Easter Monster is an “immensely difficult” Sudoku that “was created by JPF in April of 2007,” as the Sudoku Snake website explains. When it appeared, it was “hailed … as one of the world's hardest.” It was a milestone in “a new age of extremely difficult Sudokus. It was discovered that putting givens in diagonal arrangements with respect to the individual boxes would generate puzzles far harder than any yet known up to that point.” Over the years this puzzle has indeed proved very difficult to solve.

Sudoku Snake conducted “much study” on Easter Monster, and in the process, it “discovered the solving techniques Naked Double Loops and Hidden Double Loops.” The site adds, somewhat cryptically, that “with naked double loops employed, Easter Monster becomes much easier, though still extremely difficult to solve.” It is not clear to me from this whether the Sudoku Snake application is in fact able to solve the puzzle.
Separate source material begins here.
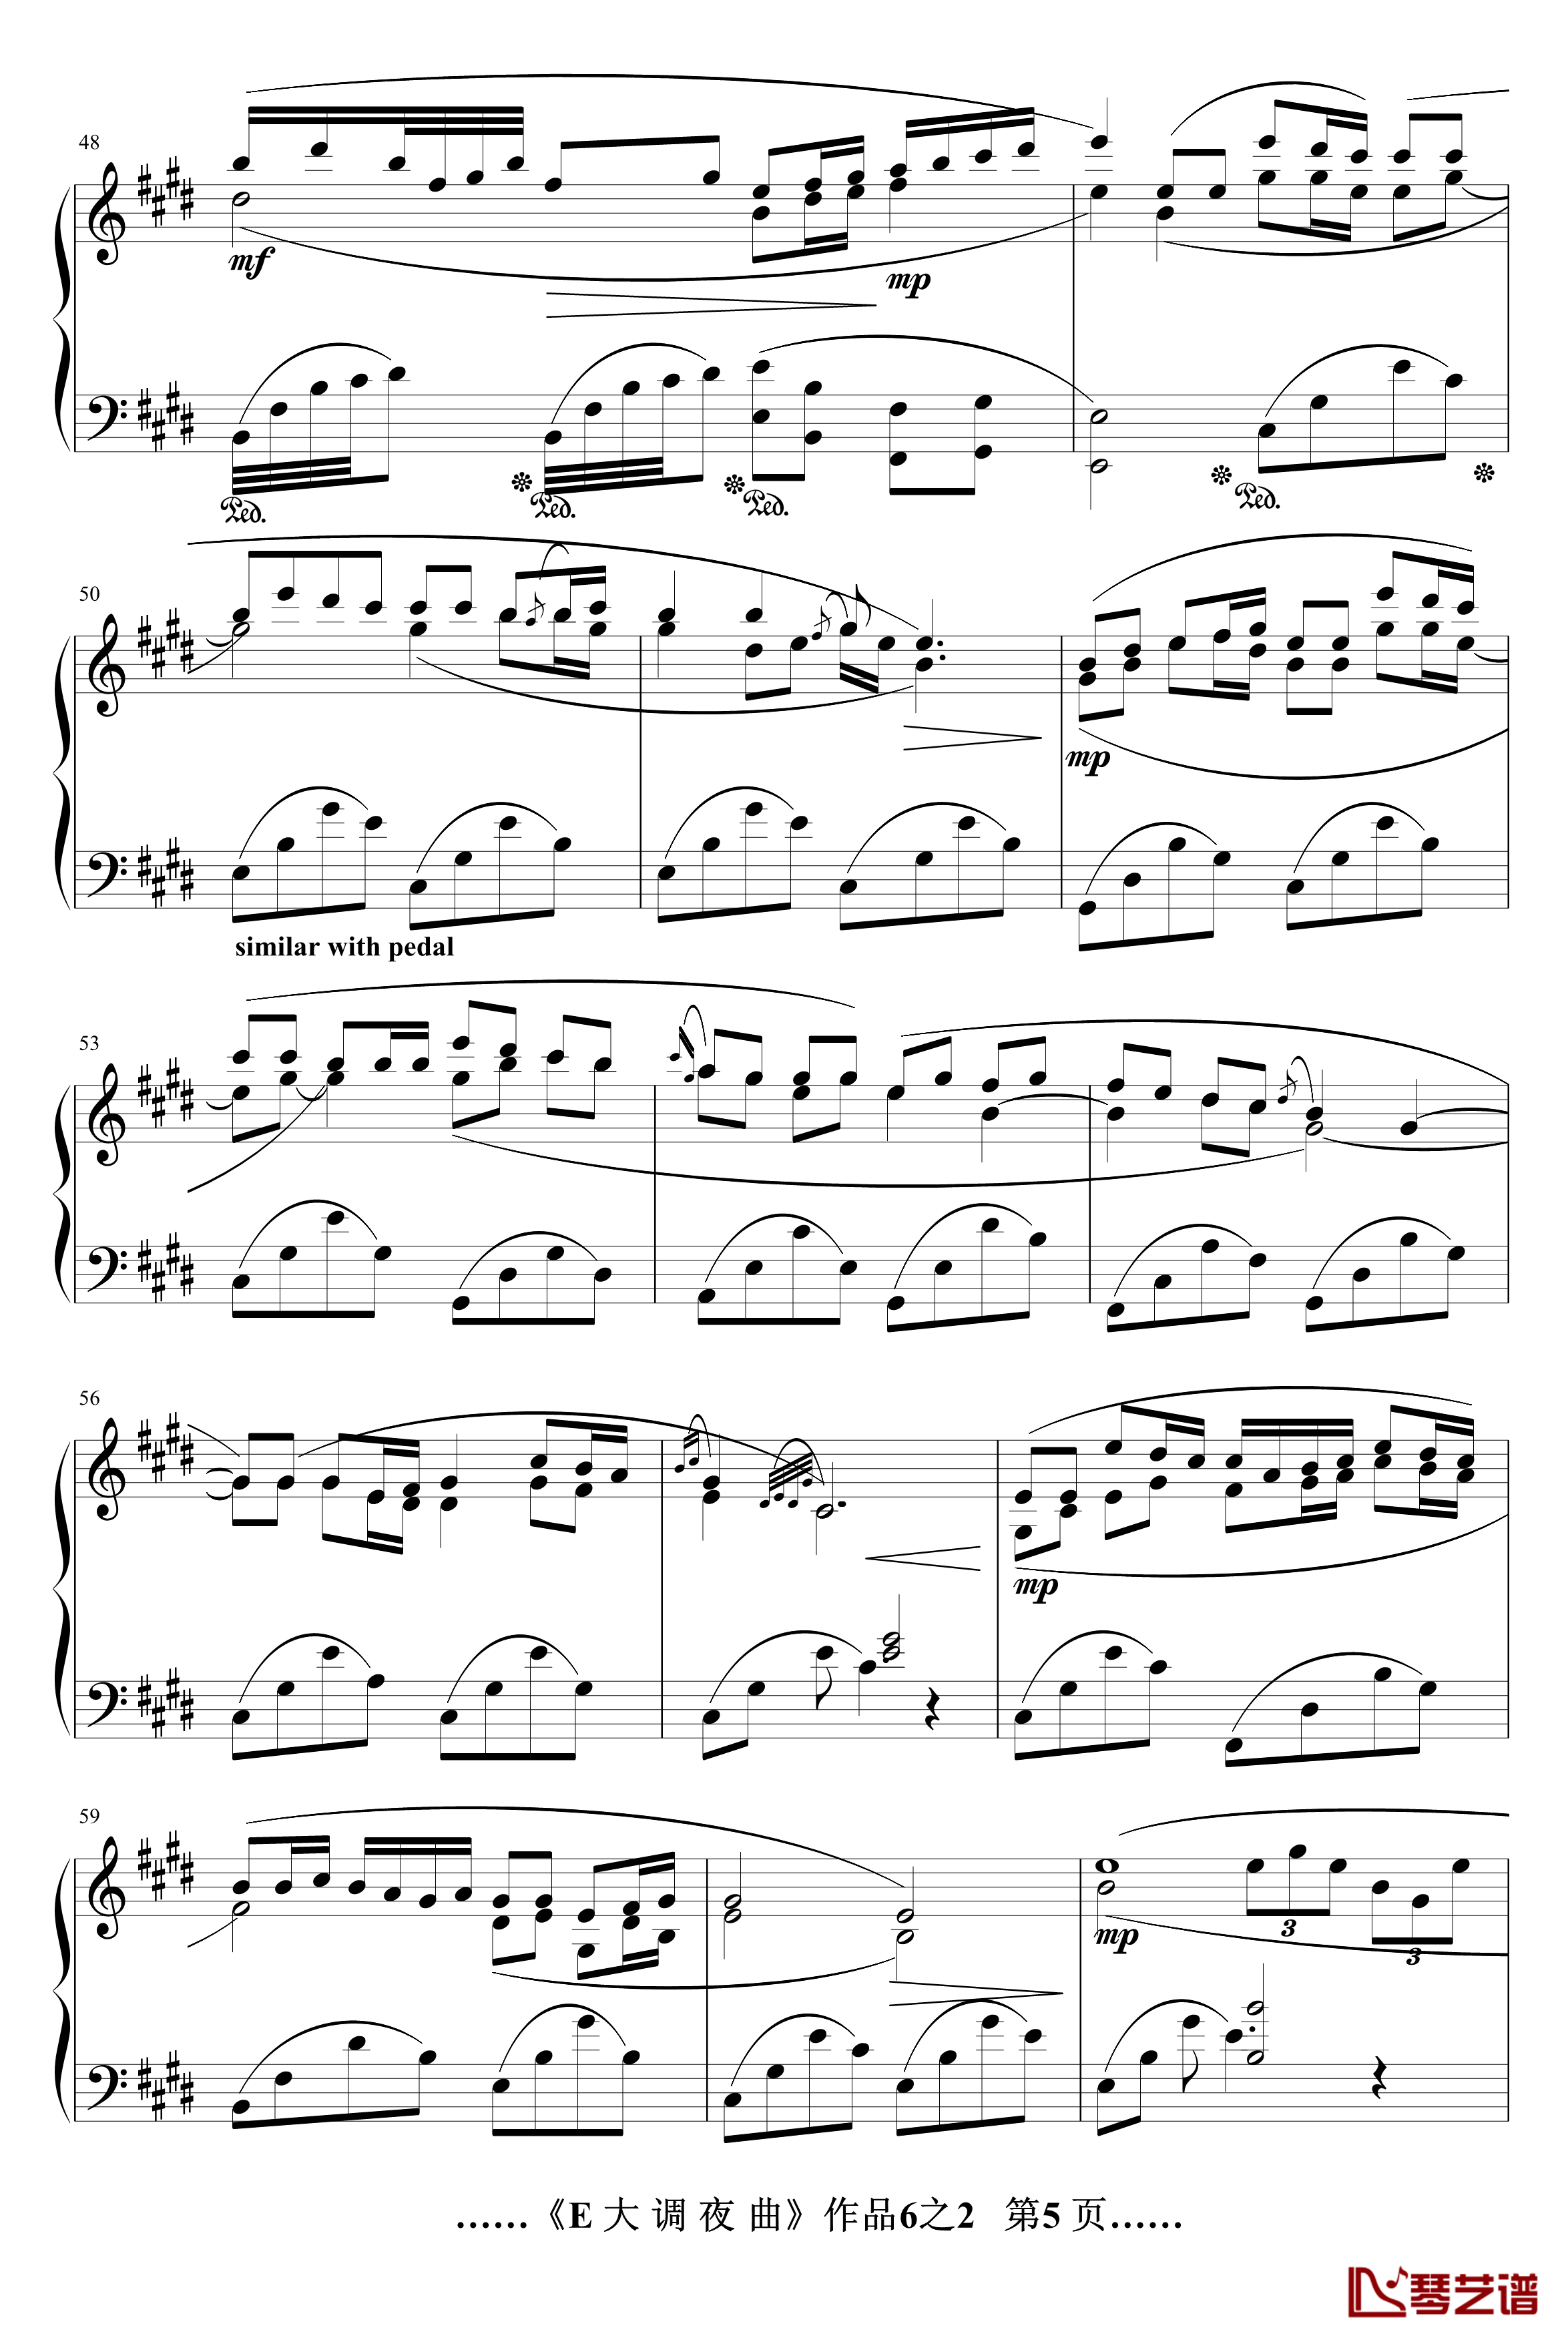 E大调夜曲op6.2钢琴谱-080810-jerry5743

I have learned much from Andrew Stuart’s excellent Sudoku solver (https://www.sudokuwiki.org/Sudoku.htm). Stuart explains that one technique he has incorporated, “SK Loops,” was “discovered (invented?) trying to solve the Easter Monster.” However, while this Sudoku helped to improve the solver, the solver is nevertheless still able to fill in only one cell of Easter Monster after the givens. Stuart explains about his overall endeavors: “Since I first studied Sudoku in May 2005, I think I've finally got a handle on it. My original intention was to prove to myself that a small number of simple strategies existed that could solve every Sudoku. How wrong I was. Sudoku has enormous depth, and while this solver has grown up enough to crack 99.9% of puzzles, there are many weird and wonderful examples that defeat it.” Easter Monster remains, at least for now, among them.

I am aware of one published solution to Easter Monster. Several months after the puzzle first appeared, the Sudoku Online blog ran a series of posts chronicling an attempt to solve it. This endeavor ultimately required seven posts that totaled nearly 8,000 words and included many charts, tables, and formulas. The process was moved forward at key points by what I would call “reasonable conjectures.” For example, at one point it was necessary to “decide temporarily” that a certain situation held; at another, the solver pursued a given path because it “seemed more likely to be fruitful than others.” In the end, Sudoku Online did find the solution through this very elaborate analysis. (All the posts are indexed in the final installment, https://sudoku.com.au/Finalshotsupo...)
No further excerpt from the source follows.